American ease with innovation helps explain why.
generation ago, some prognosticators warned that
A
Americans should brace themselves for an era of
scarcity. The natural resources we depended on for
food, clothing, shelter, and energy were dwindling,
they claimed. But after years of resource use, the
specter of scarcity remains just that. In fact, it has
faded somewhat. Natural resources are neither scarce
nor expensive and their price tags have declined—as
much as 40 percent in the past forty years.
Prices have declined because the costs of producing natural resources have dropped. Costs have
dropped because improvements in technology have
more than offset the effects of depletion. Technological
innovation, then, is something of a savior for
America’s consumers and natural resource producers,
helping to make the latter strong competitors on the
international market. Even copper mining is flourishing, though it seemed doomed as an American enterprise not long ago.
How exactly has technology controlled costs? With
support from the Alfred P. Sloan Foundation,
researchers at RFF have been exploring this question
as part of a study of productivity change in four U.S.

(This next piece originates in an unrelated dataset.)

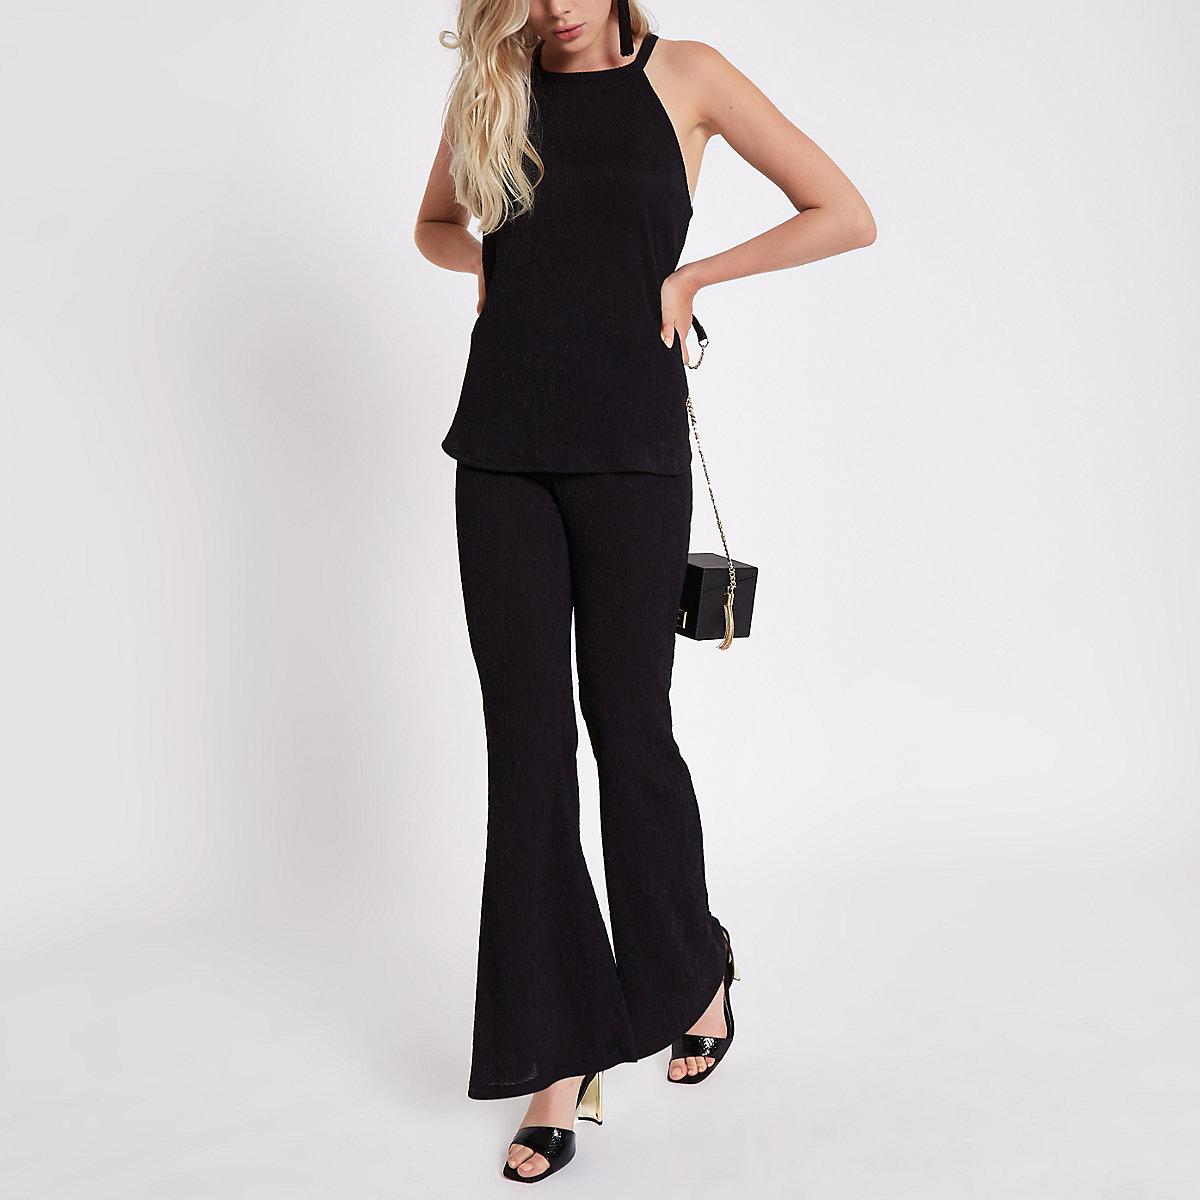 Schwarze, strukturierte Hose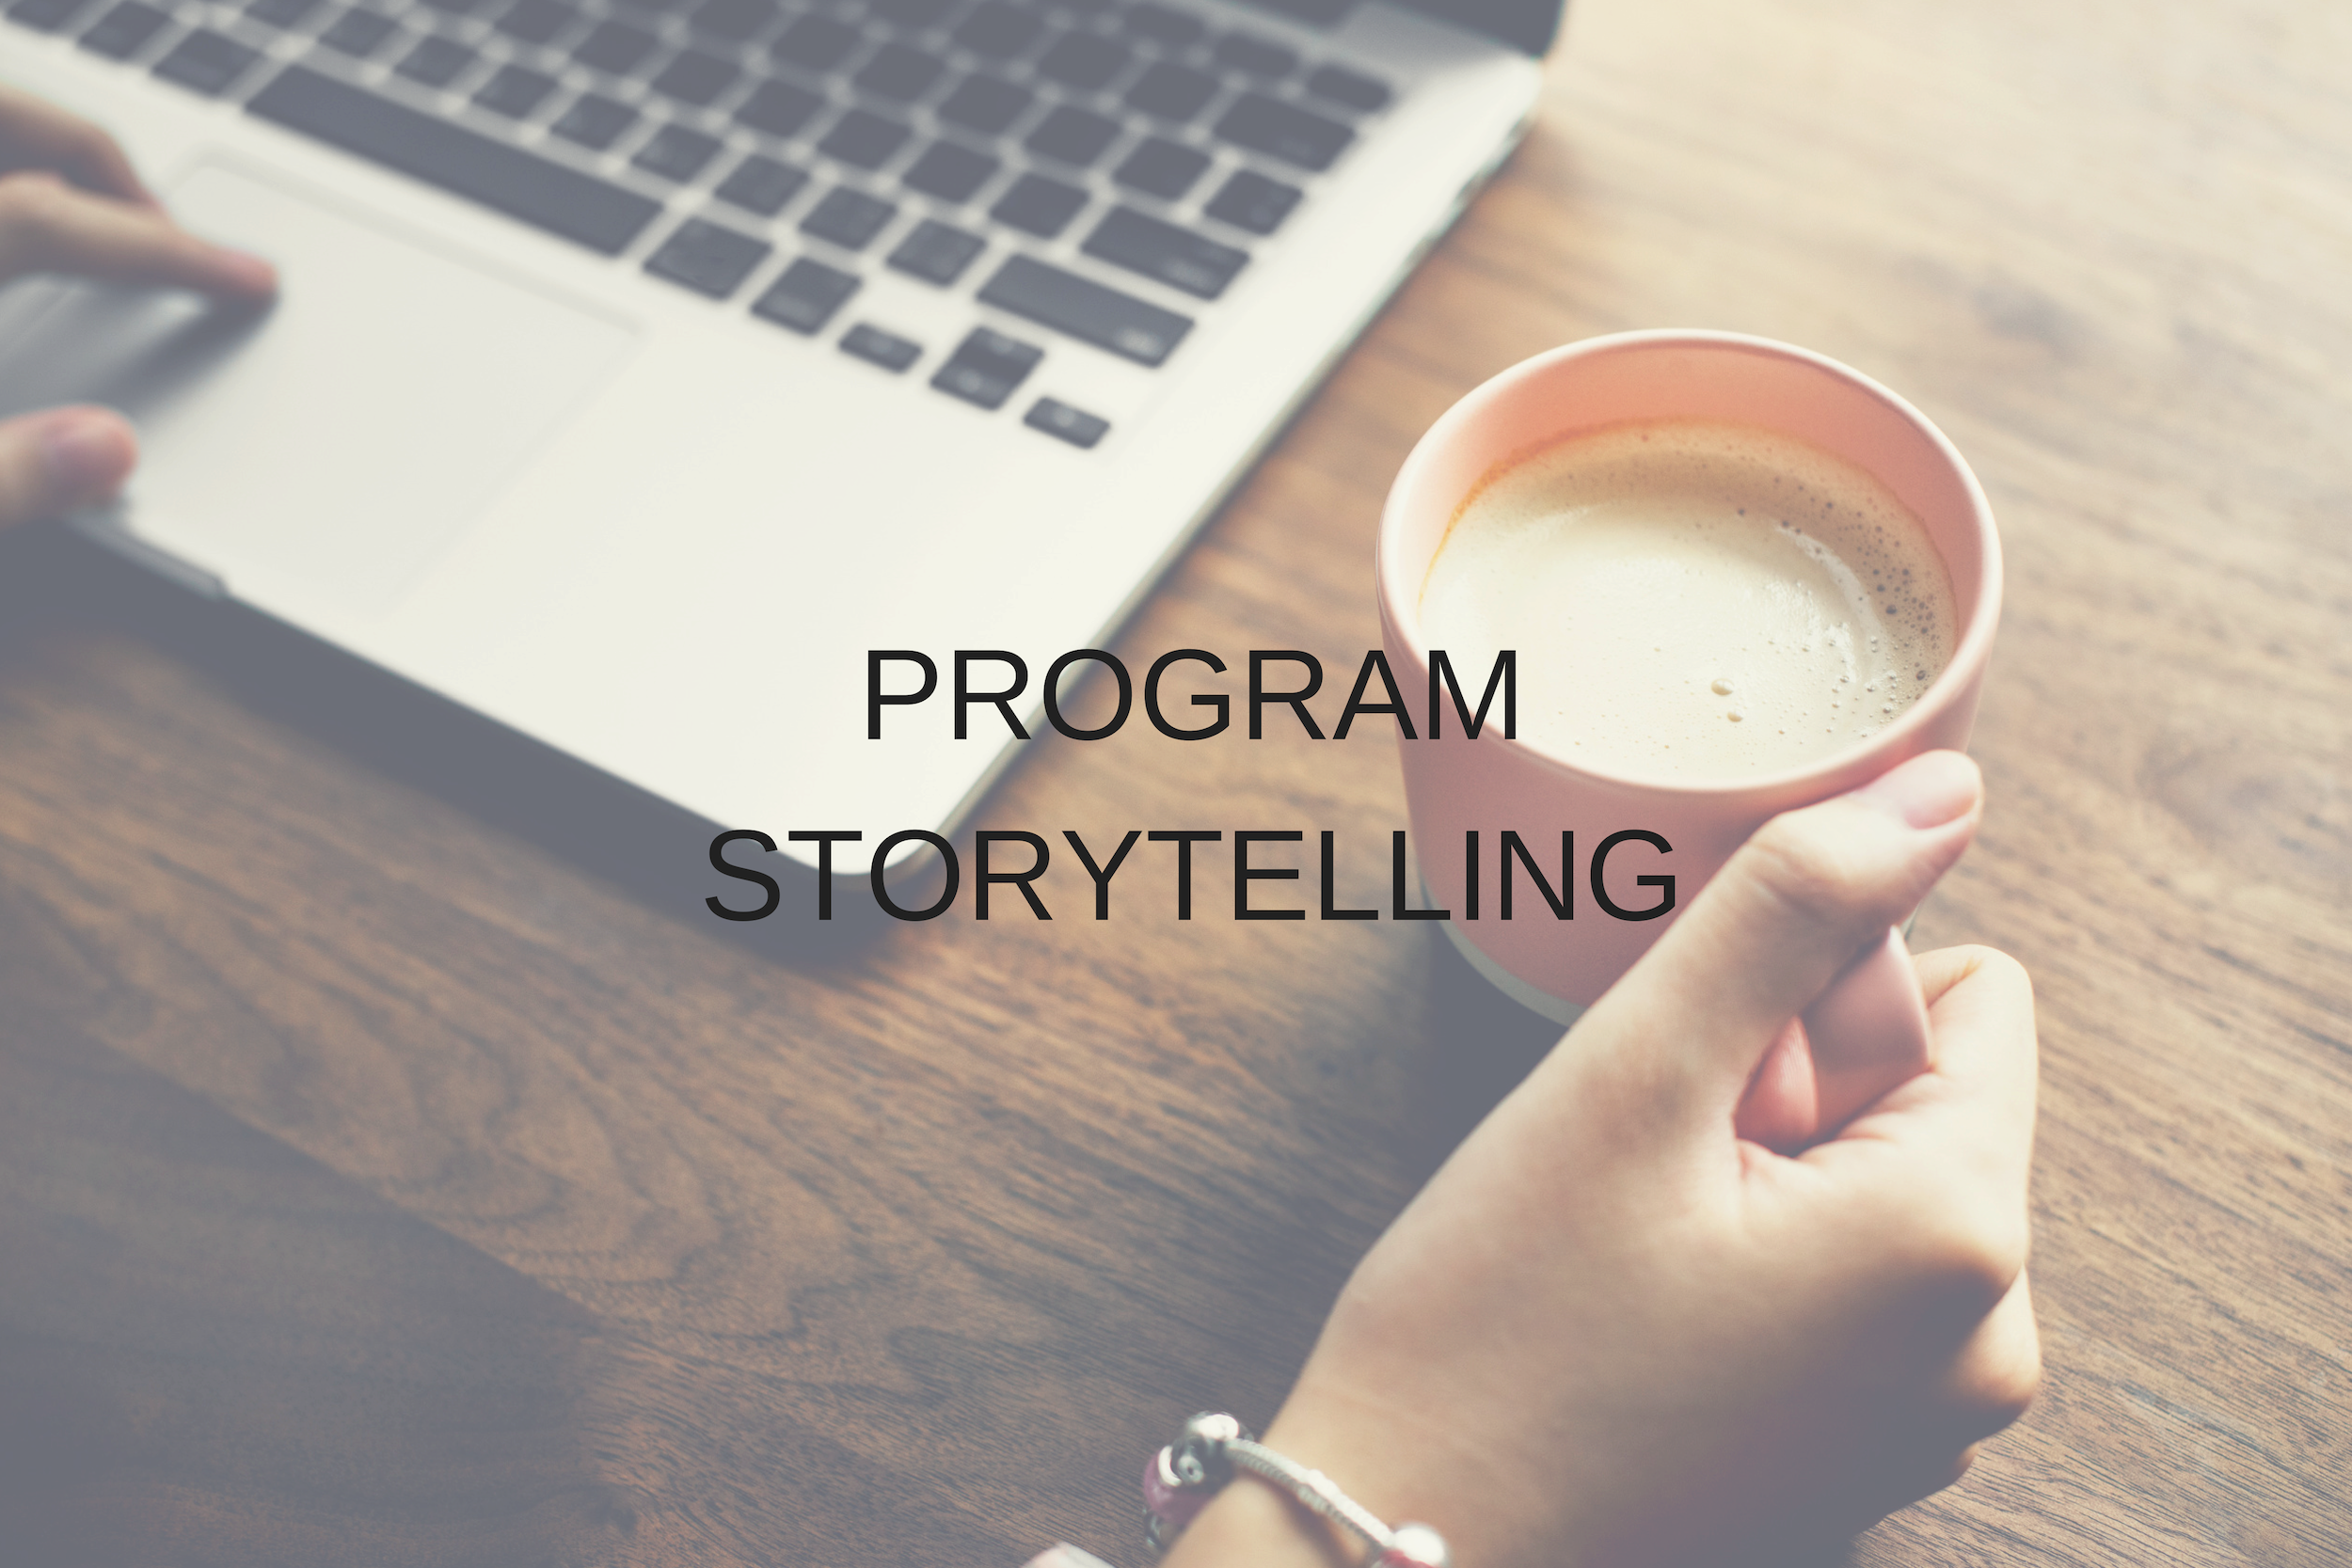 Program Storytelling - ministry.png

natural resource industries: coal mining, oil and gas
exploration, copper mining, and forestry. In conducting the research, we performed individual case studies
first and then a statistical analysis of productivity
trends in the four industries. Thus we took both
“bottom up” and “top down” approaches.
The record of productivity growth in U.S. natural
resource industries is mixed, and does not lend itself
to easy interpretation. Changes in market conditions
and regulation in the 1970s apparently had some
temporary negative effects on productivity.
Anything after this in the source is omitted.